You’d think this company would be riding a wave of popularity, that its image would thrive on the gratitude of doctors and the thousands of women worldwide whose lives have been saved by the test. But you couldn’t be more wrong. For many scientists, Myriad has become one of the most despised biotechnology companies in the world.
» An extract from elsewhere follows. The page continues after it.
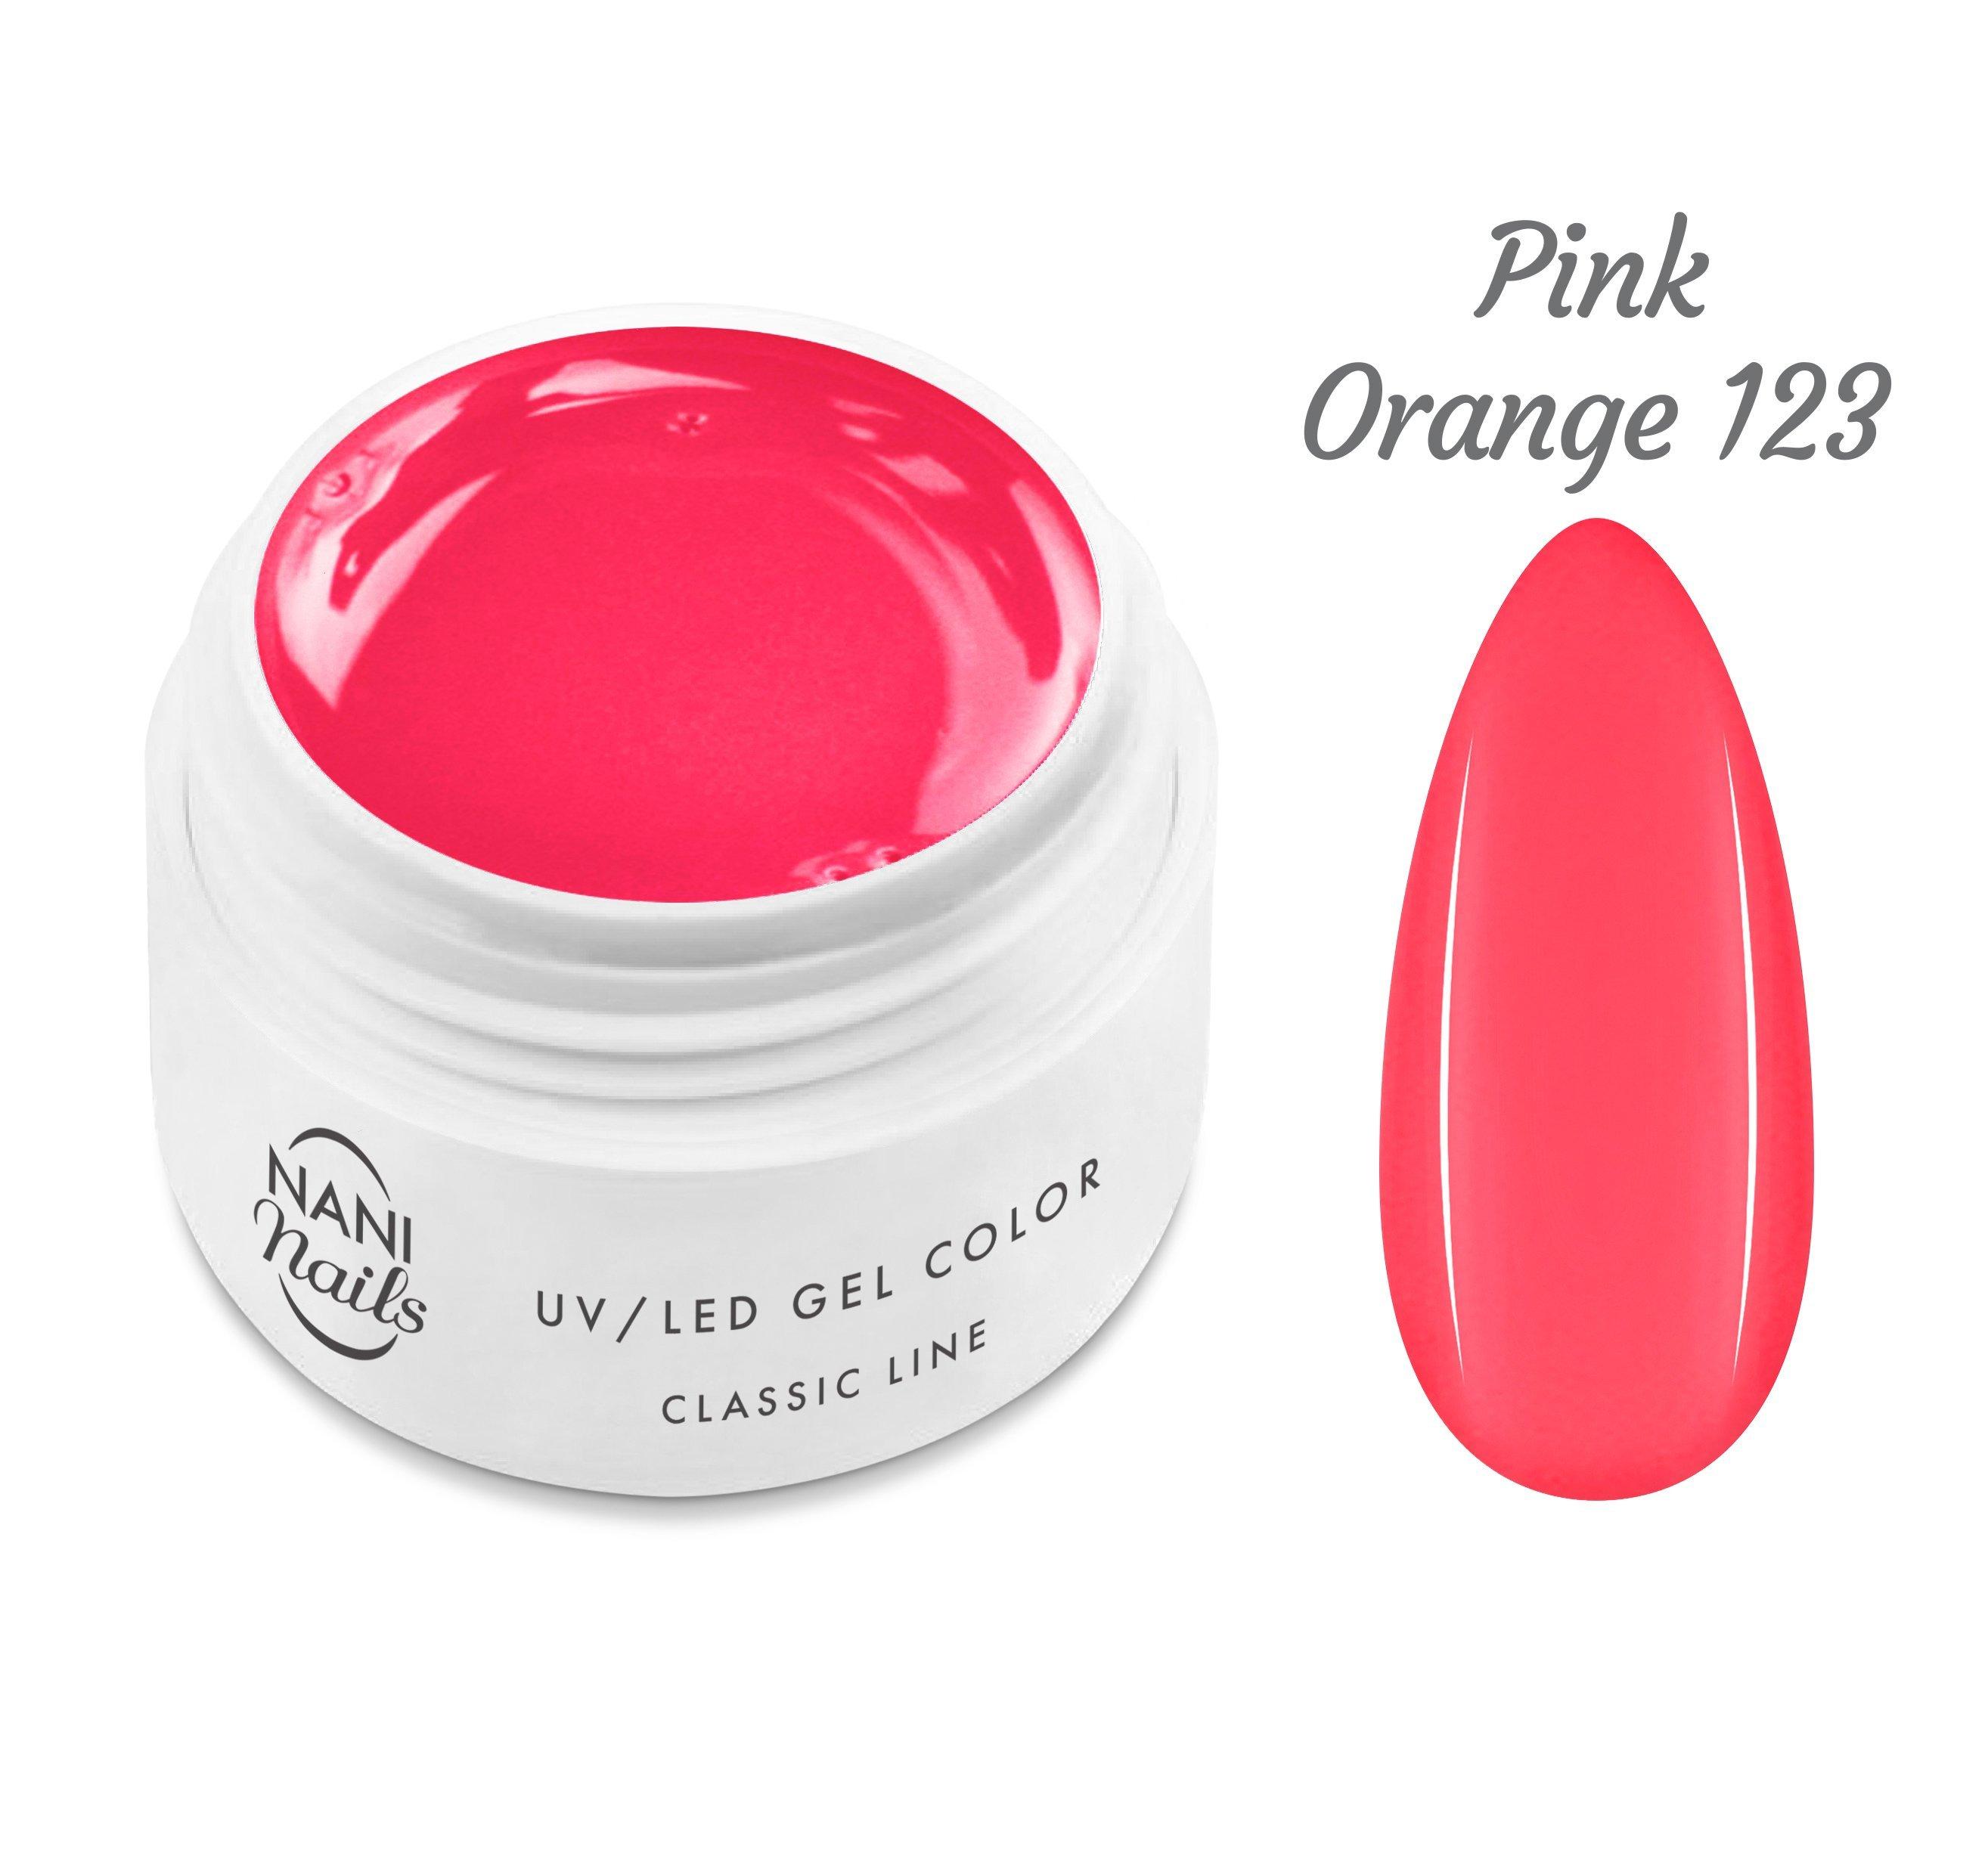 NANI UV gél Classic Neon Line 5 ml - Pink Orange

It’s being boycotted by Canadian health authorities and laboratories in the Netherlands, Belgium and Germany, challenged by the French government in a heated patent dispute, and has provoked deep animosity in Britain as the company negotiates with the National Health Service over testing policy.
Myriad’s patents give it broad rights over pretty much any diagnostic or therapeutic use of BRCA1 and BRCA2 and the proteins they code for. What’s upsetting people is that Myriad is trying to stop anyone else carrying out comprehensive tests for breast and ovarian cancer. Myriad’s critics argue that by setting up a monopoly on testing, the company is attempting to profit at patients’ expense.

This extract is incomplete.